**Dataset excerpt:**
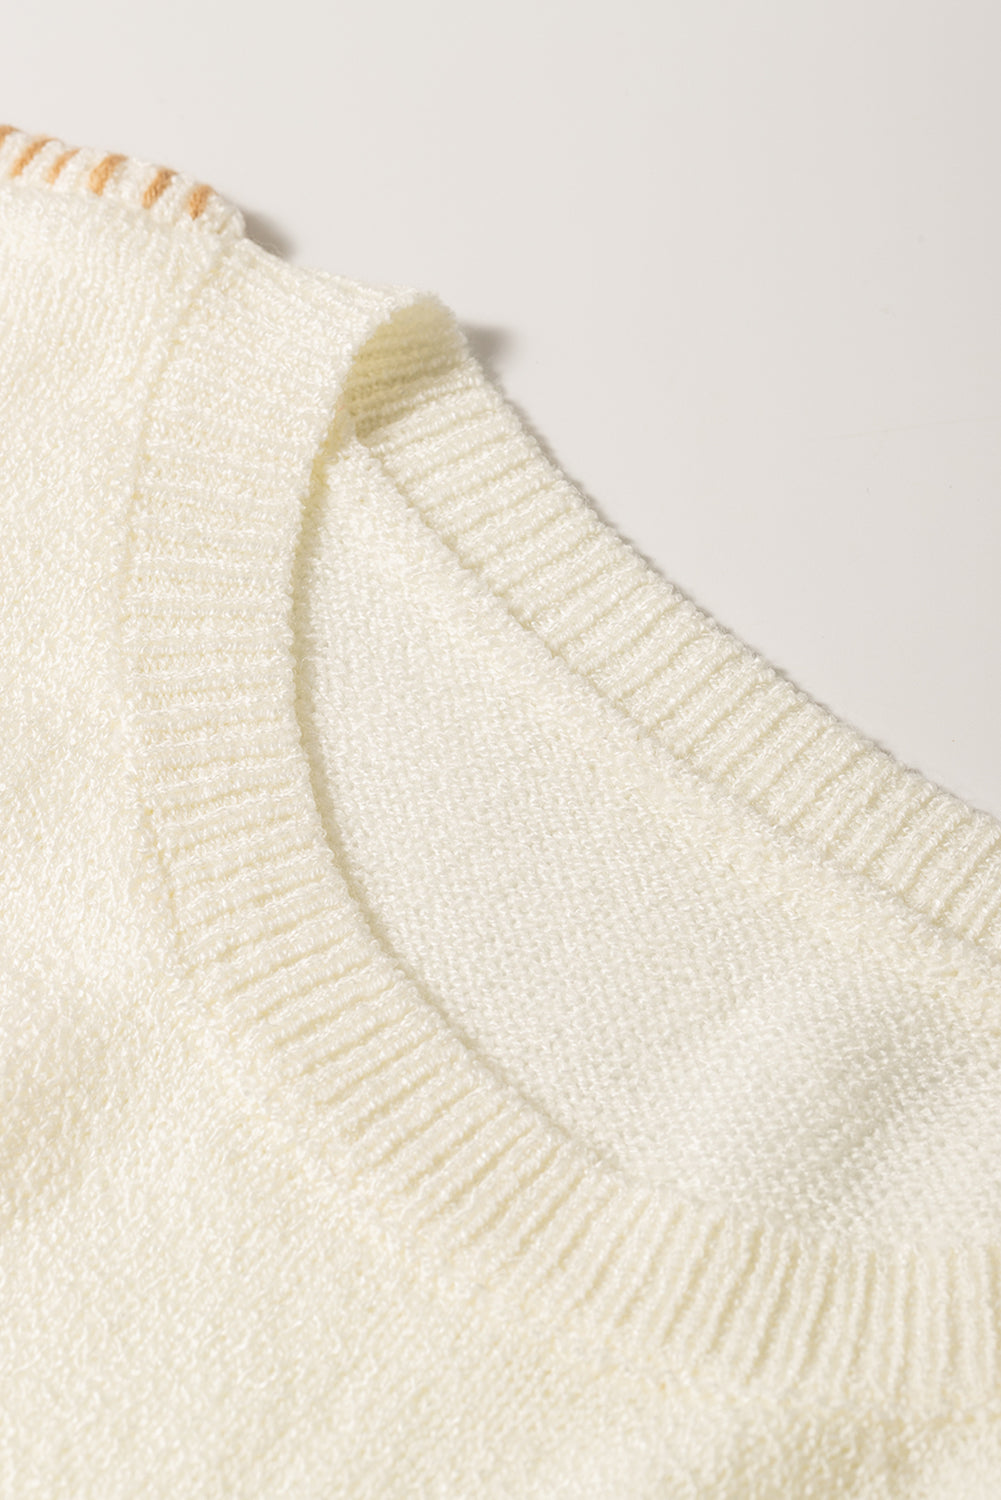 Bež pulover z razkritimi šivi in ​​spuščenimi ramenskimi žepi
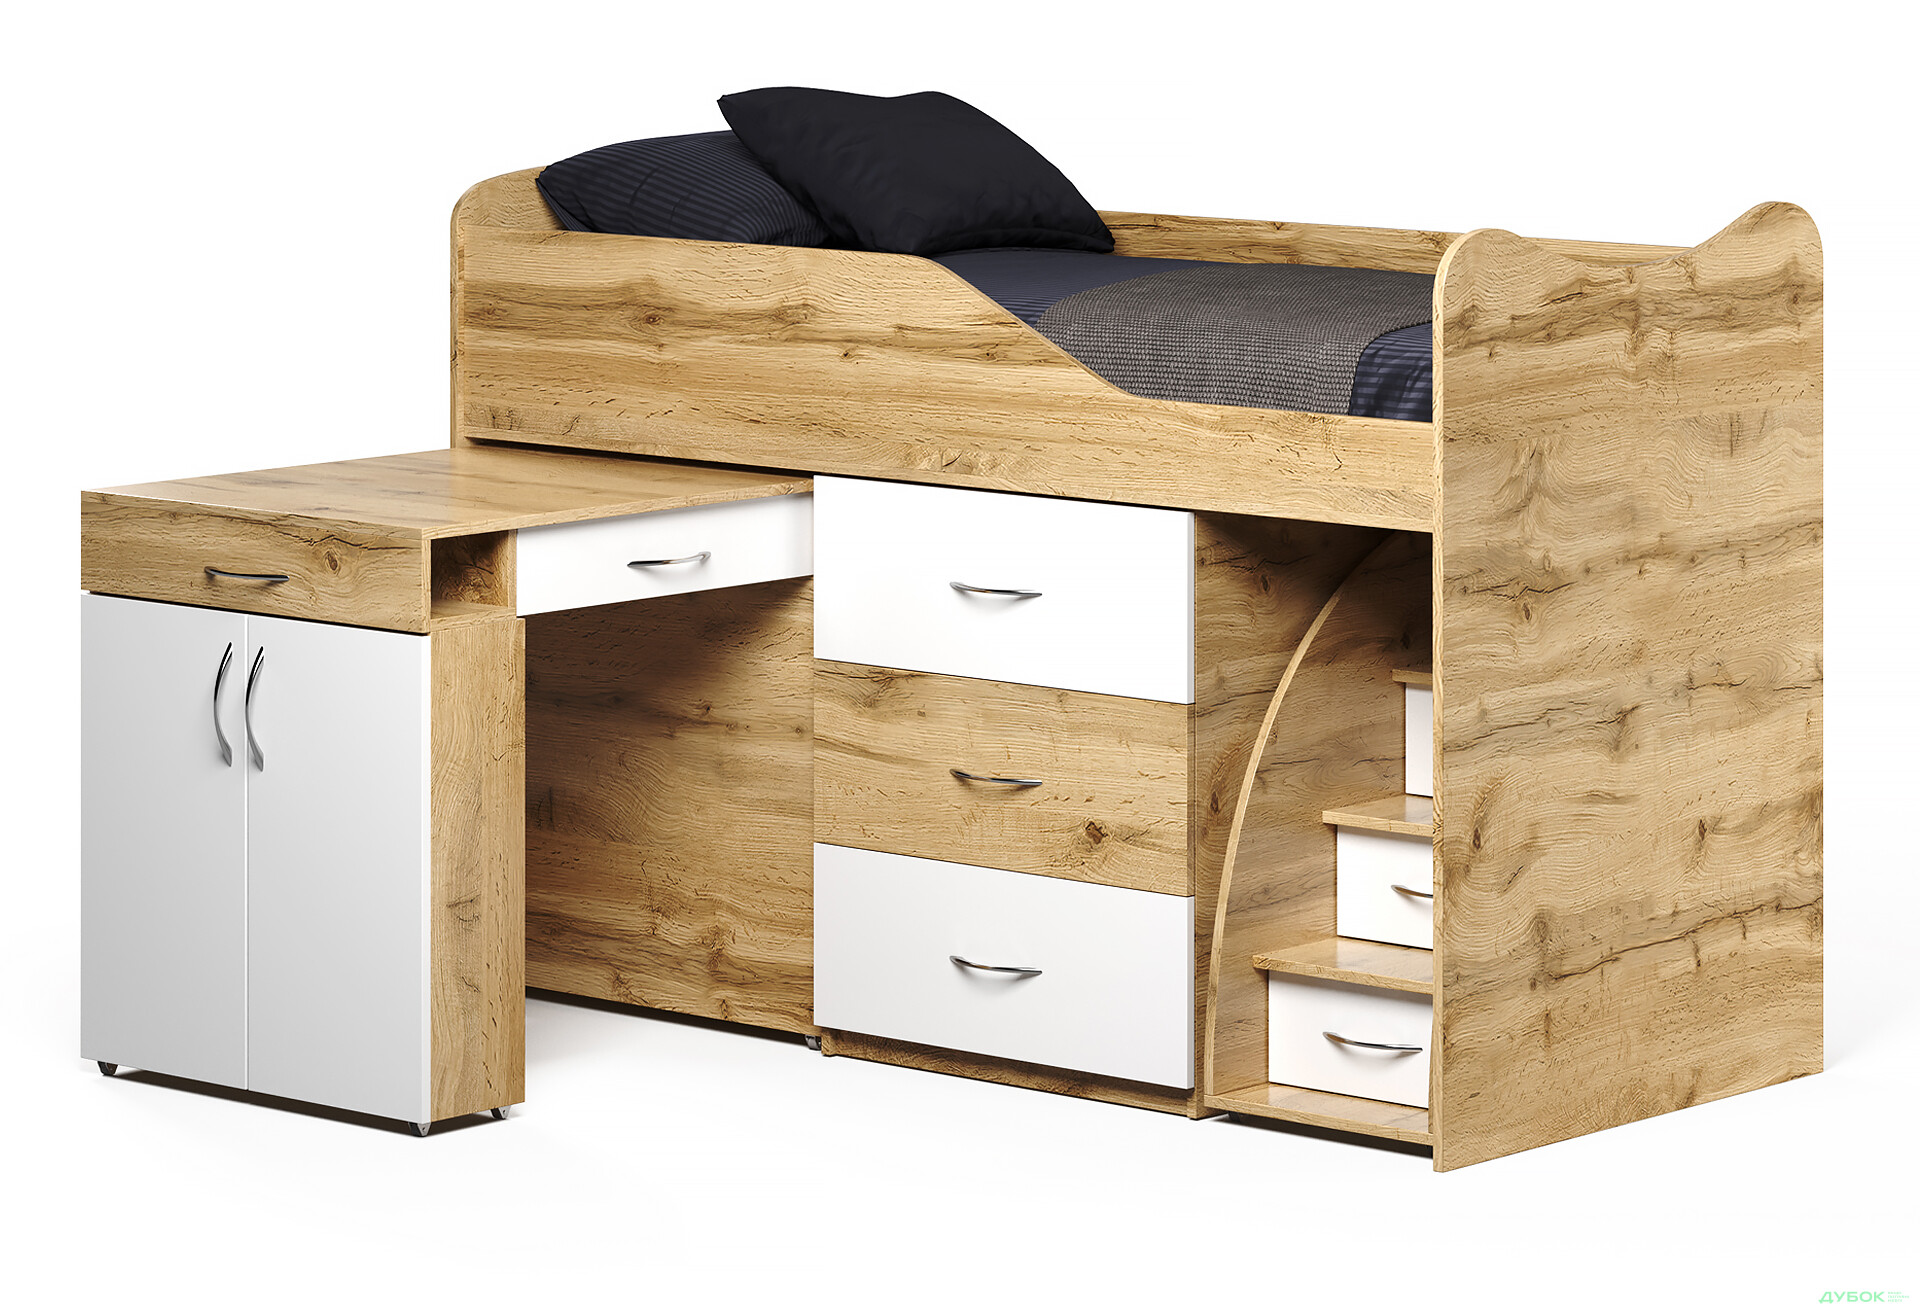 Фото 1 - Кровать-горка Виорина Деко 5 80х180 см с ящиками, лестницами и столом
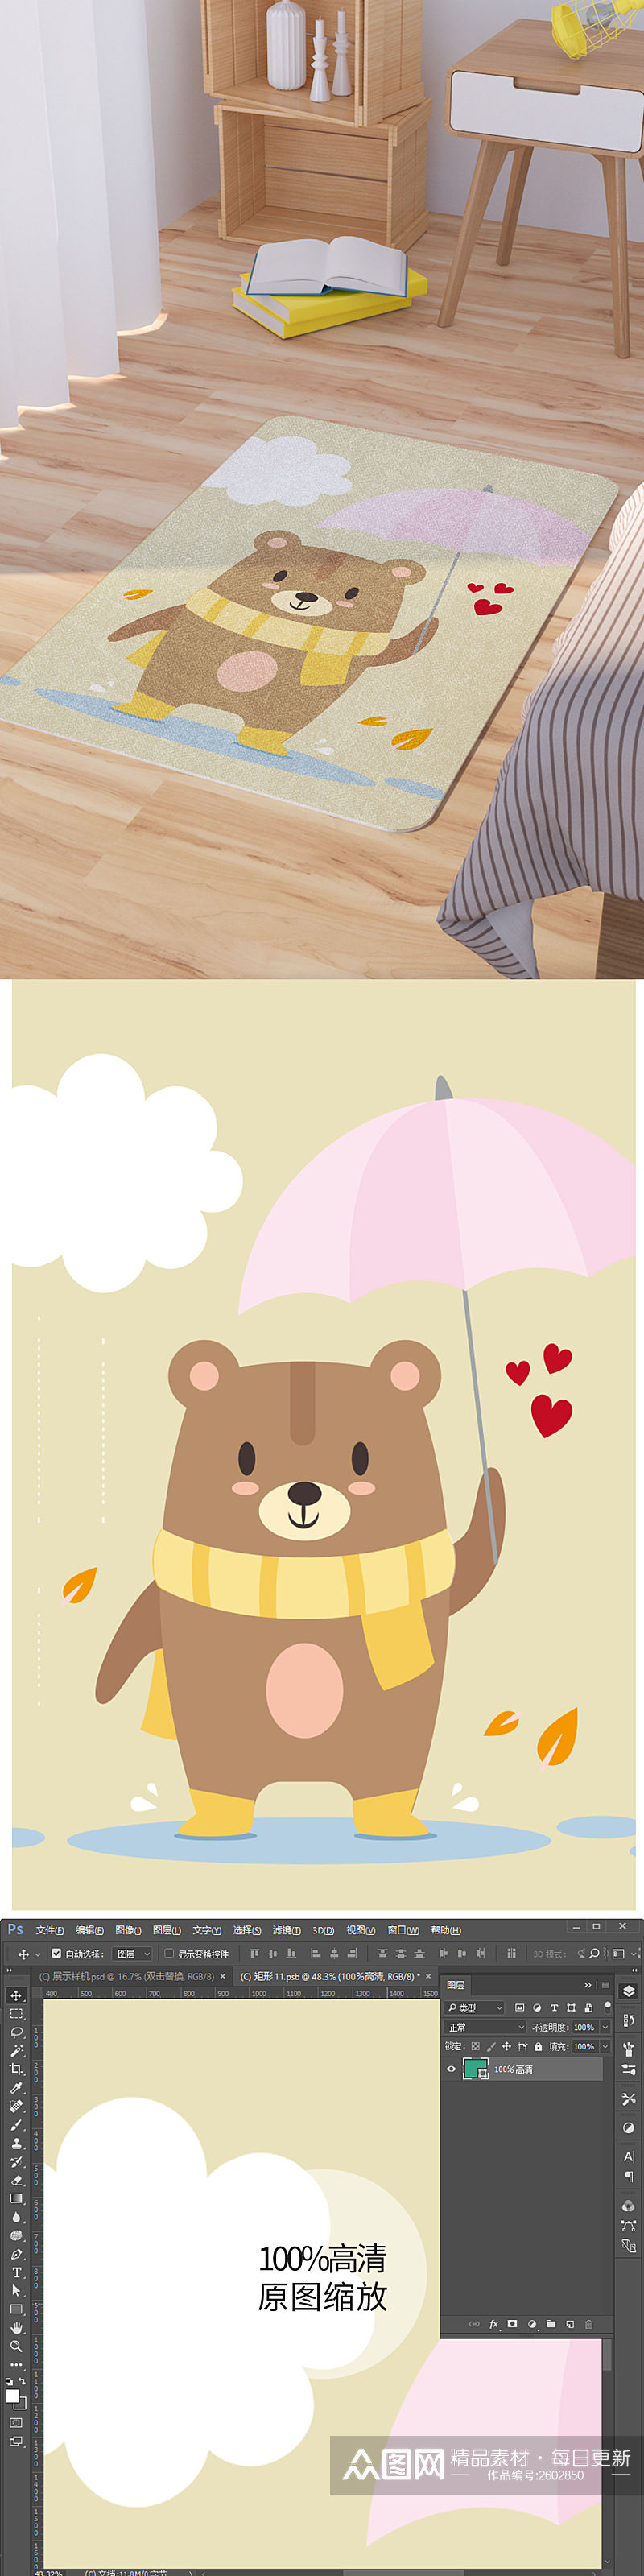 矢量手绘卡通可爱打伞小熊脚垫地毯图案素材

**Goal of the exercise:** Every line of the data above is to be set down word for word, with the pictures left out.

**Answer box:**
 Bež pulover z razkritimi šivi in ​​spuščenimi ramenskimi žepi
 Фото 1 - Кровать-горка Виорина Деко 5 80х180 см с ящиками, лестницами и столом
 矢量手绘卡通可爱打伞小熊脚垫地毯图案素材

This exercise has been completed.